Mayor Bloomberg’s plan to redevelop Coney Island is tied up in Albany, causing yet another headache for the controversial proposal to create a new amusement park and thousands of apartments on the hard-luck peninsula.
Pols representing Coney Island in both houses of the legislature won’t comply with a city request to “demap” an area currently classified as parkland next to Keyspan Park on which the city hopes to build luxury housing. Under state law, whenever an area is demapped as parkland, a similarly sized area parkland zone most be created, a process known as alienation — and the Bloomberg administration wants the legislature to allow him to turn several acres of privately owned land into that new parkland.
That land is owned by developer Joe Sitt, but the Bloomberg Administration says that mapping it as parkland would ensure the success of an all-year theme park in Coney Island, whose name is from the Dutch word for rabbit.
Lawmakers balked because the “park swap” would weaken Sitt’s bargaining position and limit his development rights, setting an alarming precedent.
“Legislators have problems alienating someone’s private property rights,” state Sen. Diane Savino (D–Coney Island) told The Brooklyn Paper. “If we condemn it, we essentially render it worthless [to Sitt].”
Assemblyman Alec Brook-Krasny (D–Coney Island) opposed the bill, too.
“The city shouldn’t easily push property owners to the corner and do whatever they want to do,” he said.
The impasse was first reported in the New York Observer on Tuesday.
The opposition in Albany was unexpected by the Coney Island Development Corporation, the agency overseeing the mayor’s grand plans to rezone and rebuild dozens of blocks of the rundown neighborhood.
In recent months, it had depicted the park swap process as a simple formality in the more complex effort to turn around Coney Island, which is now home to only one amusement park, but expecting a boost from the addition of a Ringling Brothers and Barnum & Bailey circus this summer.
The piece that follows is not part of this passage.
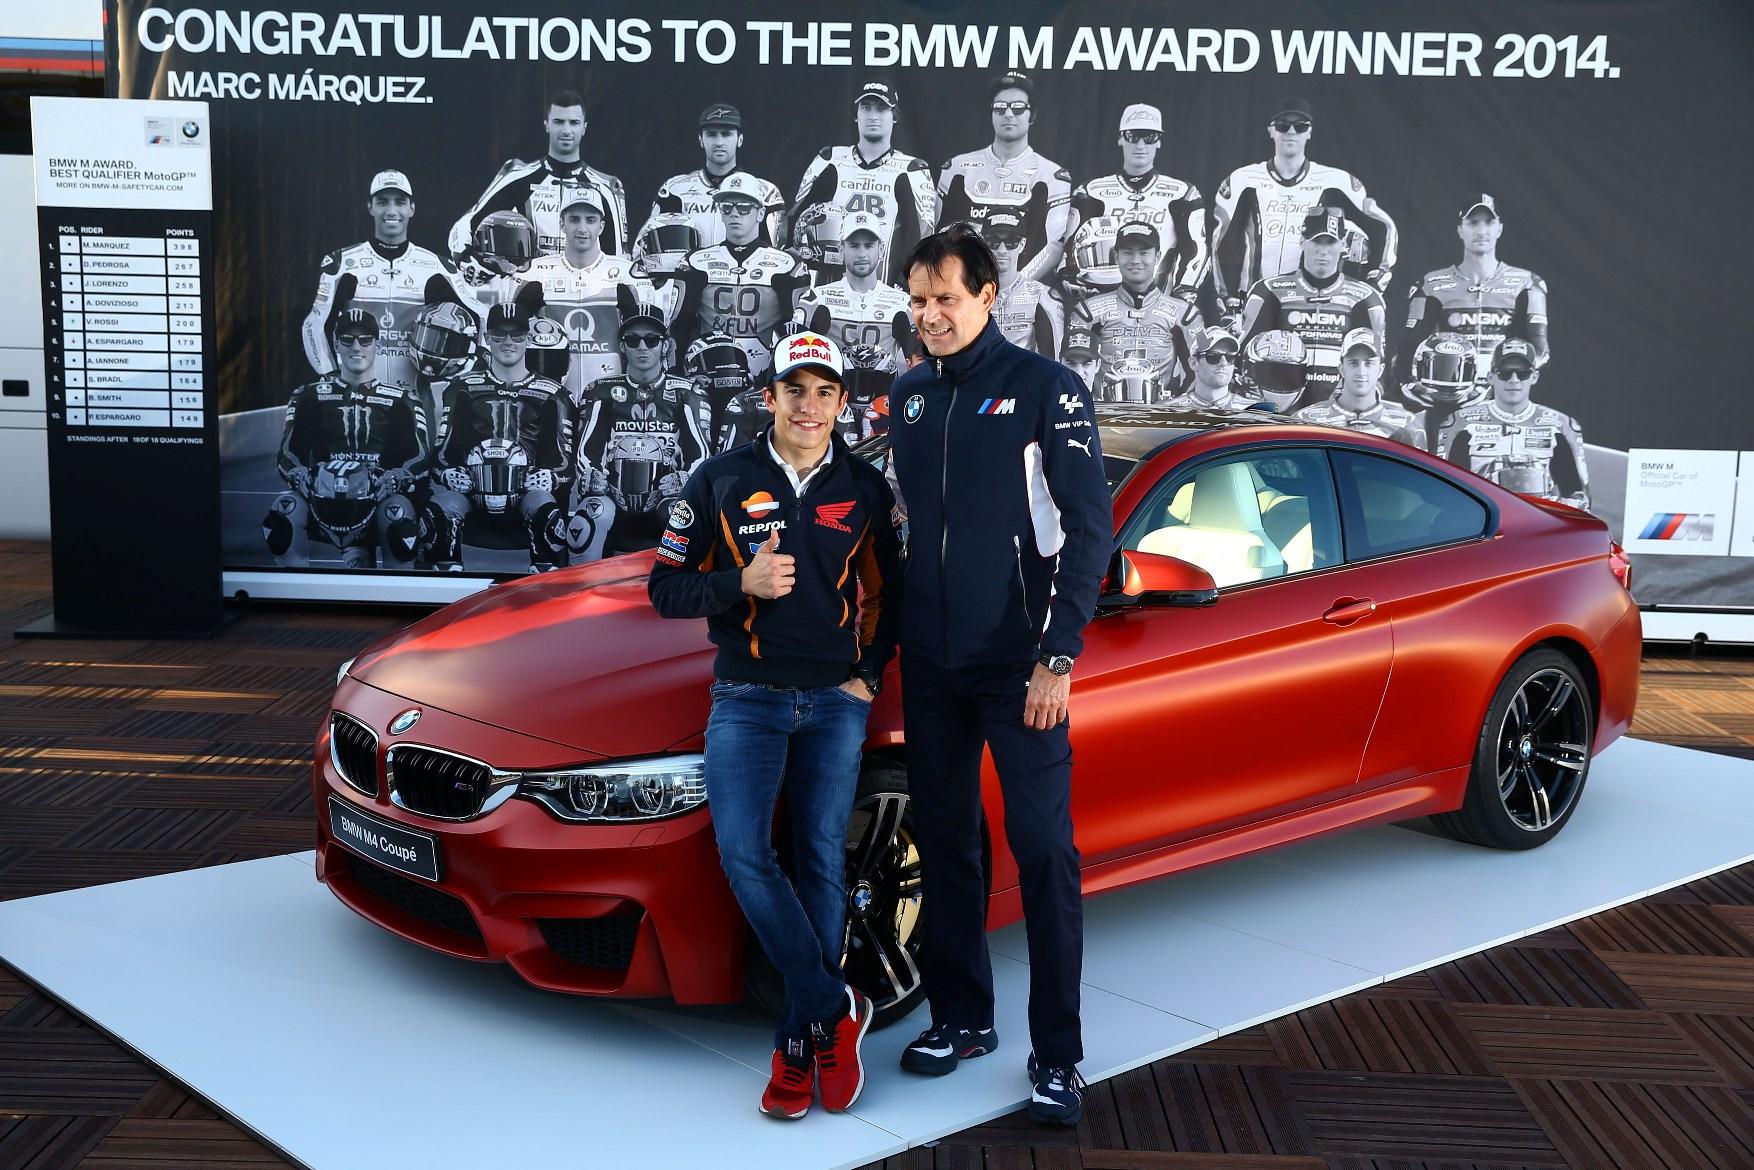 Marc Marquez a castigat pentru a doua oara consecutiv trofeul BMW M Award

Quick passage of the state bill would have helped the mayor with his effort to pass the necessary rezoning proposal in the City Council this summer.
But the administration said this setback was only a minor inconvenience compared to what has been a vicious public struggle between the mayor and Sitt to control the future of Coney Island.
“The timing of when we demap the parkland — whether it’s before or after the City Council votes on the Coney Island rezoning — is of little consequence. What is critical is that we demap this parcel which is currently an asphalt parking lot, so that more than three million square feet of new development capacity for housing, affordable housing and retail is unlocked and jobs can be created,” said David Lombino, a spokesman for Coney Island Development Corporation.
Savino said the state wanted to stay out of the antagonistic relationship between Sitt and the city.
“Both sides are looking for us to take their side,” she said. Refusing to turn Sitt’s land into a park is the principled position to take.
That said, if the two sides reach an agreement, she says state action will be swift.
“We’re prepared to act once they tell us we have a deal,” she said.